This year in 1883, Amazard Road, a young, first-class New York poet, descendants of Jewish immigrants, was asked for help.
Fundraising activities are in progress to hold the Statue of Liberty, an expensive gift from France, and many Americans are particularly insensitive to these gifts. French
Politicians and speakers of July 4 say they want to quote Aymaratha about the statue of liberty. "And as the President Cardin did a few days ago, America is a proud immigrant country." Well, the history of immigrants here obscures the shadow of self-proclaimed pride. Generations of the American border are open to new immigrants, but this is not usually due to a general attitude. America in the colonial period was a frontier society. That diversity at the time - Britain, Scotland, France, the Netherlands and even Jews in the Caribbean - were diverse. But by the early nineteenth century the state increasingly defined "standard" Americans as British Protestants. Needless to say, Africans and Indians are not talking at all.
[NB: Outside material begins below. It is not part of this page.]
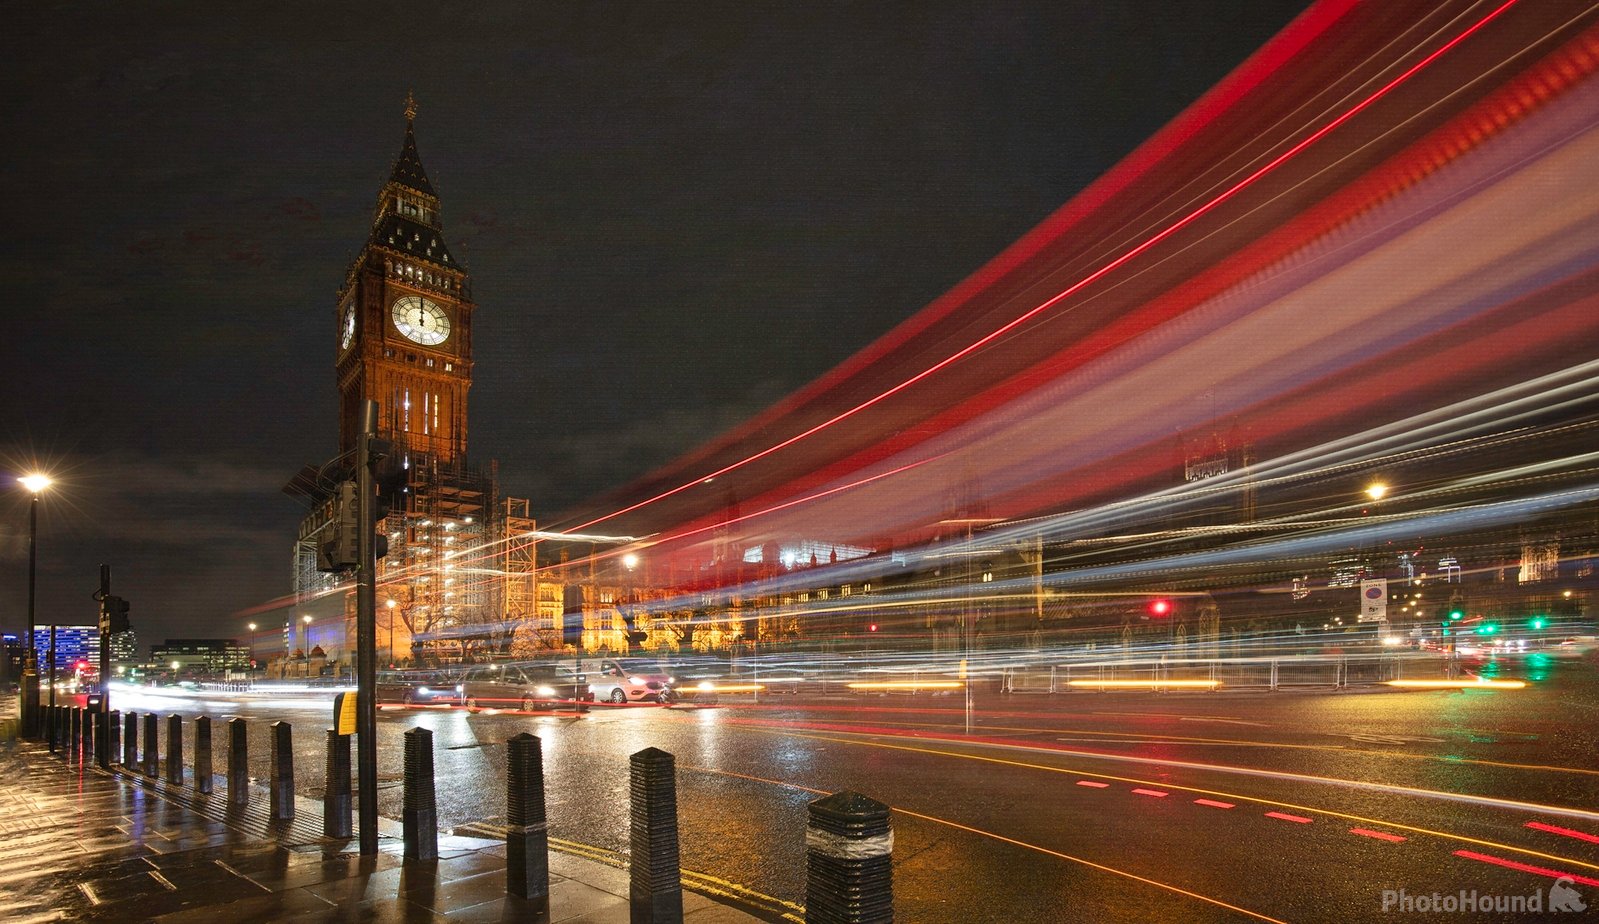 Image of Westminster Bridge by Paul James

There are some phrases related to the Statue of Liberty, but the most obvious thing is that "I want to be exhausted, I want to breathe freely to the poor, to the densely populated people." This sentence comes from Emma Lazarus' sonnet. The new Colossus is also known as the Statue of Liberty. This statue is a gift from France, represents freedom and is a welcoming lighthouse for foreign immigrants. The United States welcomes immigrants who are known as a country of prosperity and opportunity and seeking a better life. That is what attracts people. However, recently, the words inscribed on the plaque at the bottom of the statue do not apply to Syrian refugees.
"Imagine your depletion, your poor / your compact crowd is eager to breathe freely," emerald of the poet Imagining the Statue of Liberty on the world famous Sonnet "New Colossus" It was. From 1880 to 1920, more than 20 million immigrants came to America to seek freedom and new opportunities. America welcomes these new arrivals, whether to escape from religious persecution (Eastern European Jewish), starvation and poverty (Italy), or civil war or revolution (Armenia and Mexico). Strict restrictions on laws such as China exclusion law. This relatively open policy ends when the First World War broke out and new laws will be introduced in the 1920s to limit immigration.